- Location in Montgomery County, Indiana
- Lake Holiday, Indiana Location in Montgomery County
- Coordinates: 39°57′51″N 86°57′38″W﻿ / ﻿39.96417°N 86.96056°W
- Country: United States
- State: Indiana
- County: Montgomery
- Township: Union

Area
- • Total: 2.78 sq mi (7.20 km^{2})
- • Land: 2.59 sq mi (6.71 km^{2})
- • Water: 0.19 sq mi (0.49 km^{2})
- Elevation: 778 ft (237 m)

Population (2020)
- • Total: 921
- • Density: 355.7/sq mi (137.32/km^{2})
- Time zone: UTC-5 (Eastern (EST))
- • Summer (DST): UTC-4 (EDT)
- ZIP code: 47933 (Crawfordsville)
- Area code: 765
- GNIS feature ID: 2629867
- FIPS code: 18-41211

= Lake Holiday, Indiana =

Lake Holiday is an unincorporated community and census-designated place (CDP) in Union Township, Montgomery County, in the U.S. state of Indiana. It is a private community on the banks of its eponymous body of water. As of the 2020 census, the community had a population of 921 residents.

The community contains the subdivisions of Holiday Shores, Royal Hills, Imperial Woods, Wellington Villa, Cambridge Shores, Indian Hills, Sherwood Forest, and Seneca Hills.

==History==
Many of the older houses in the community were built in the early 1960s, as was the dam that created Lake Holiday. In March 1993, the Montgomery County Circuit Court approved a district plan that reorganized the governance of the community into two major bodies:

· The Lake Holiday Conservancy District Board of Directors, which owns and is responsible for the lake, dam, boat ramps, parks, clubhouse, drainage, and maintenance building.

· The Board of the Lake Holiday Property Owners Association, which maintains the roads and is responsible for housing and lot developments. The Property Owners Association is a tax-exempt entity.

According to its website, the Lake Holiday area now "covers 750 acres, has 780 property owners, 369 homes, and 1,296 privately owned lots. The lake itself covers 150 acres and has an average depth of 10 feet with depths up to 20 feet near the dam. There are many miles of shoreline along the lake and approximately 16 miles of roadway."
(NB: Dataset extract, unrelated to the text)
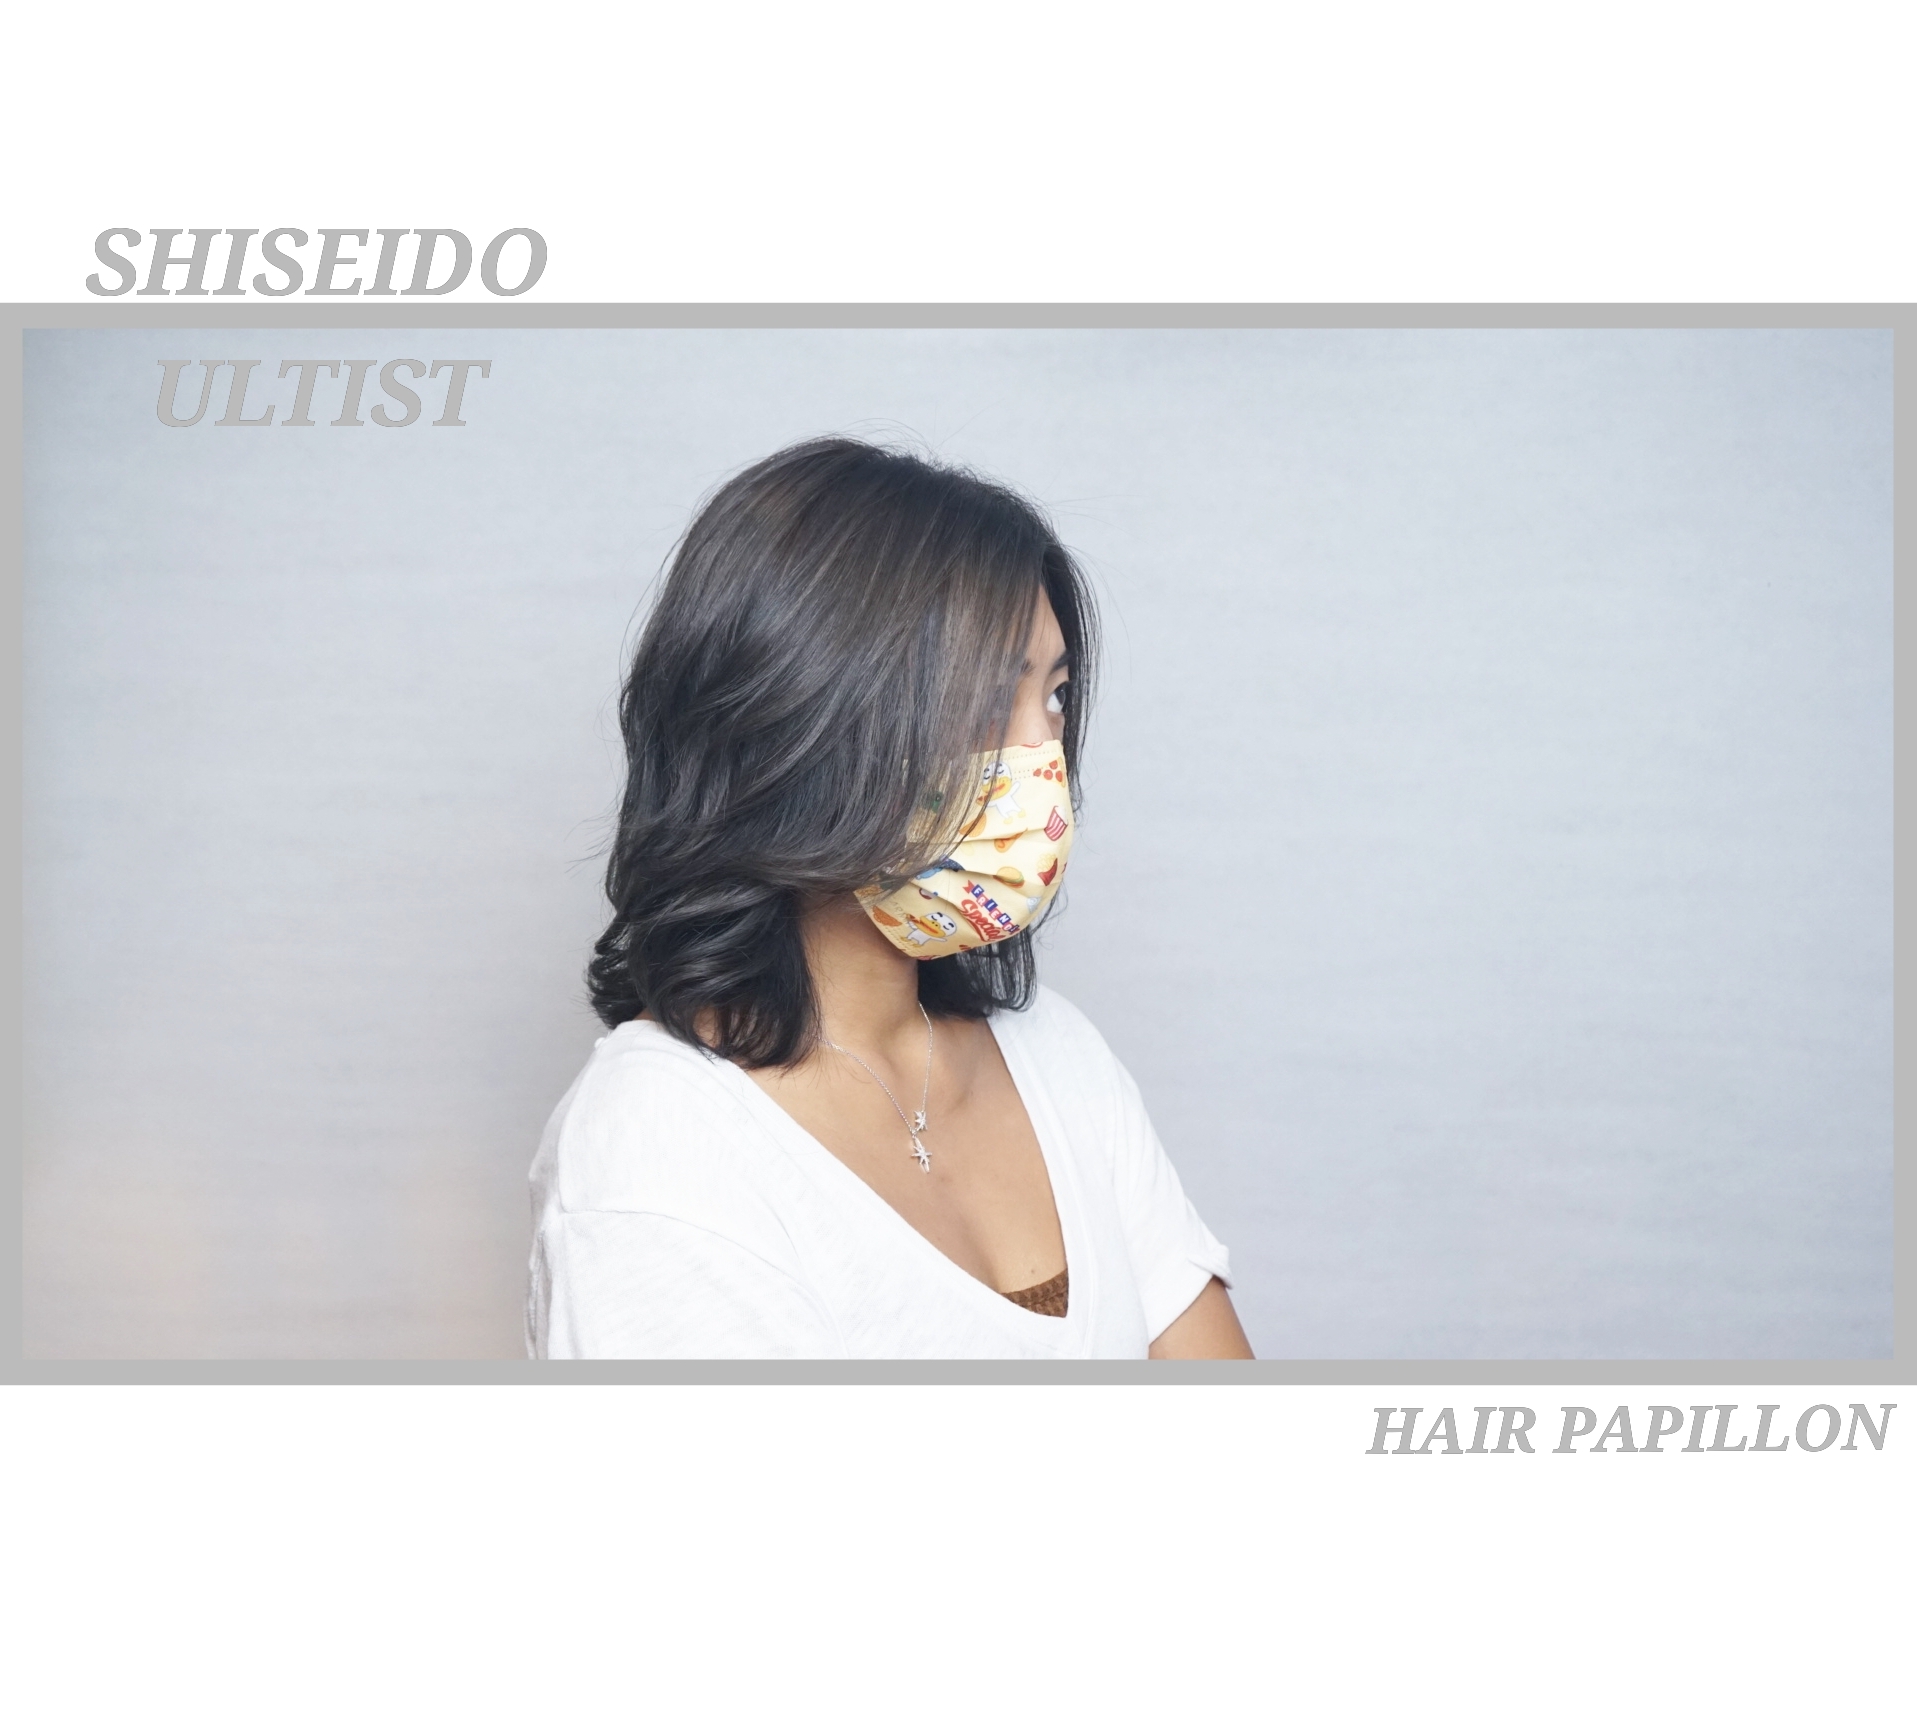 作品参考 / 最新消息:shiseido ultist

The clubhouse hosts community breakfasts, regular card-playing events of a social nature, Easter egg hunts, and other seasonal activities. There is a crappie fishing tournament on the lake each May. In summer, bass fishing tournaments are held on Thursdays (weather permitting).

==Geography==
Lake Holiday is in southwestern Montgomery County, 7 mi southwest of Crawfordsville, the county seat. It is on the west side of Indiana State Road 47, between County Roads 400 W & 550 S., and is just west of the town of New Market. Its offices are located in the lake's clubhouse at 5000 South 400 West, with a Crawfordsville mailing address.

The lake, community, and its various subdivisions are all located in Union Township. It should not be confused with the campground of the same name.

According to the U.S. Census Bureau, the Lake Holiday CDP has a total area of 2.78 sqmi, of which 2.59 sqmi are land, while 0.19 sqmi, or 6.83% of the CDP area, are water. The lake's dam gives way to Karnes Creek, which flows west to Sugar Creek (Wabash River tributary) at the western edge of Union Township. Sugar Creek flows southwest to the Wabash River south of Newport.

==Demographics==

Historical population
| Census | Pop. | Note | %± |
| 2010 | 910 |  | — |
| 2020 | 921 |  | 1.2% |
U.S. Decennial Census

==Education==
South Montgomery Community School Corporation, including Southmont Junior High School and Southmont High School, operates public schools serving Lake Holiday.